A Conversation with Jenny Scheinman – HuffPost 5.9.14

Mike Ragogna: Jenny, The Littlest Prisoner. How did this album begin?

Jenny Scheinman: I just started writing songs. Usually there’s a song that forms the center of an album. There might have been two on this one. There was “Just a Child” which came out complete; I dreamt it, then I woke up and wrote it all down. It felt like a real breakthrough into the core of an album. Also “The Littlest Prisoner” title track is a character that I love. It started when I was 8 months pregnant and had a fever. I had a delirious fantasy of cooking my child, and the “prisoner” in my body, and that turned into fantasizing about pregnant inmates within another prison. And all of this led to a character that I really love. It’s not me, and it’s always liberating to get a song to the point where it’s not about me, but somebody else. This album was culled from a lot of material. The earliest song on there which might be “Run Run Run” was written before I did most of my touring and release for my last vocal album, which was five years ago. So there’s some older songs and more recent ones, and in between there were probably twenty other songs that I chose from. Luckily, I had a bunch of material to choose from, so I chose the ones that felt important to me, or that I wanted to hear over and over and wanted to sing. So everything on there is sort of core.
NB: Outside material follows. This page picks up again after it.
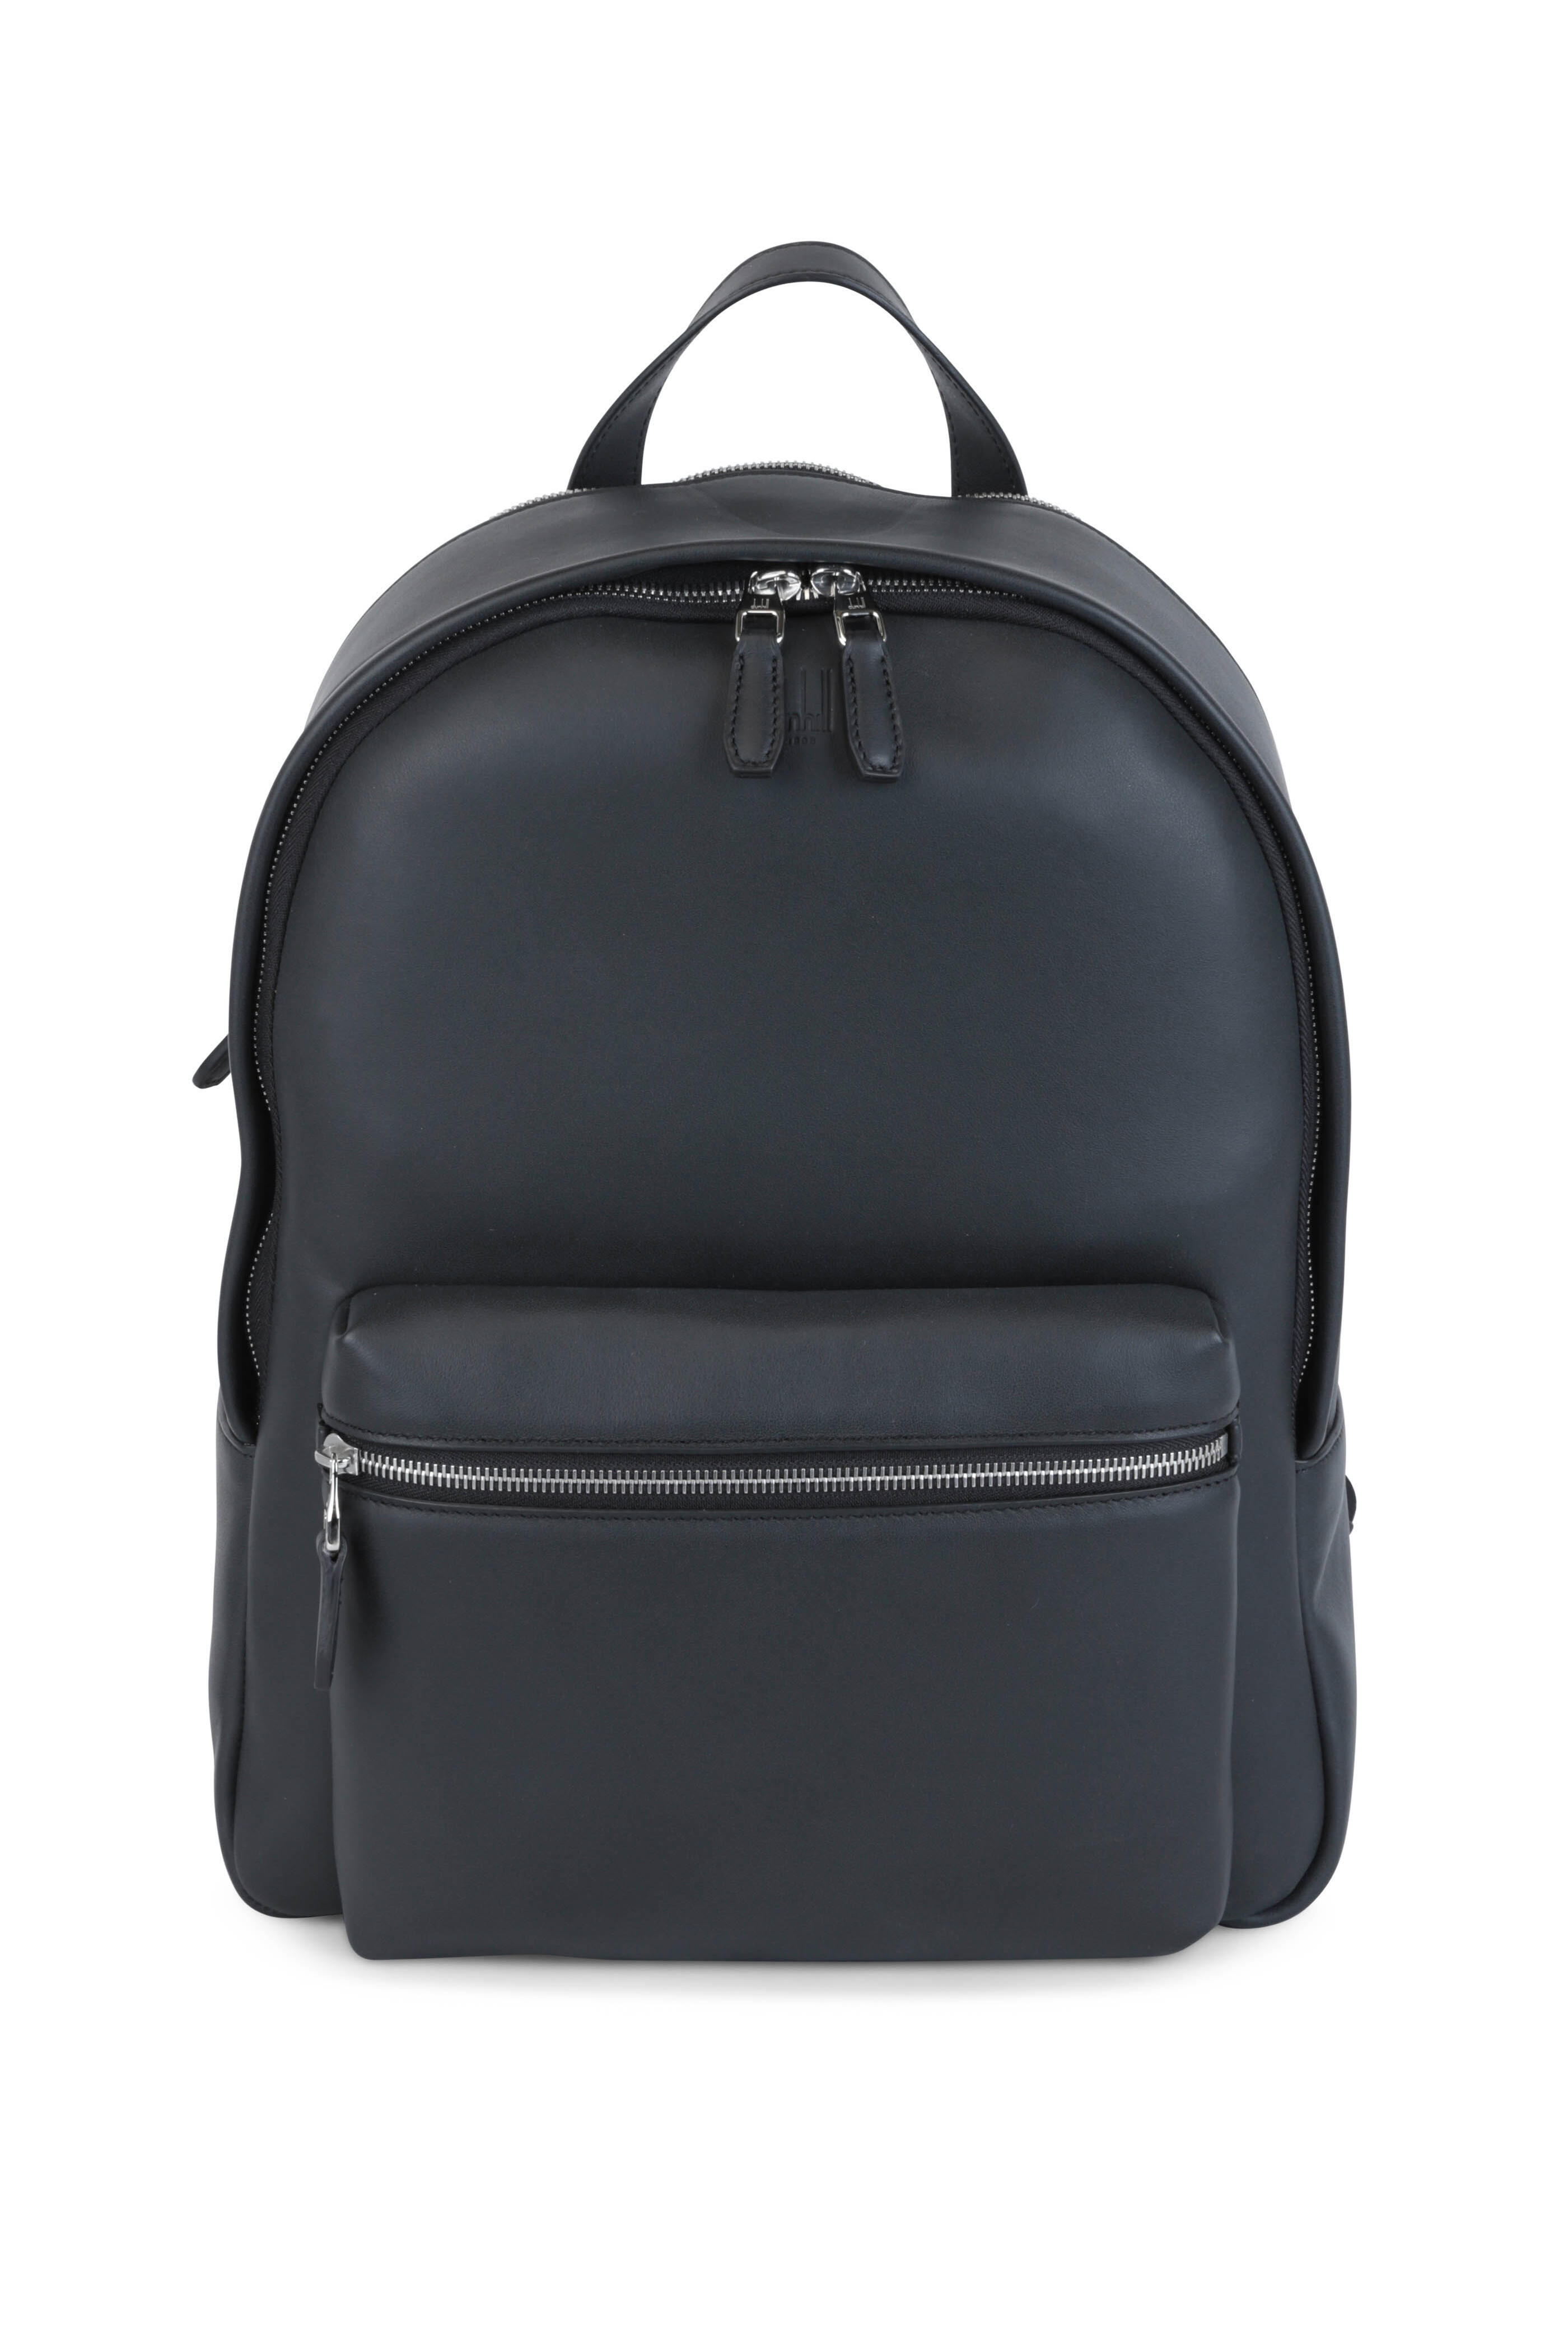 Dunhill - Black Leather Rucksack | Mitchell Stores

MR: Nice. It must be interesting to carry both a career as an Americana artist, which is how you came off on this album, and being a jazz violinist. How do you balance the two?

JSMischief & Mayhem was my last release. Before that was a double release of a record of songs that I sang, and also this big, lush instrumental with great jazz players on it. It’s not entirely new, and the most confusing moment is exactly this, when the press is trying to figure out how to describe me. It seems there’s very little room for facets and complexity, i.e. normal humans, in the press. I guess it’s hard to write about somebody that has multiple interests, and we all do. Most artists are listening to all sorts of different music and even playing lots of types of music. Especially now, modern and younger musicians are exposed to so many different types of music. The feeling I have when I’m doing it is that it’s just music. For example when I’m recording or performing a song with words, when I transition from singing to playing, I feel like I’m just continuing the lyric. Hearing words is very different from hearing a solo, but my experience of it is that I’m taking the narrative and the focus of people’s ears, and I’m taking them on a trip somewhere. I think you could say that about going between my instrumental records and my singing records. Of course they’re very different processes. When I’m honing words, I’m thinking about words, and when I’m writing a song with words it usually comes out as a song with words from the get-go. Occasionally, I have melodies that I’ll put words to. I have a few of those right now I’m working on. There are differences in the process, but I don’t suddenly feel like a different person when I’m doing one thing or another.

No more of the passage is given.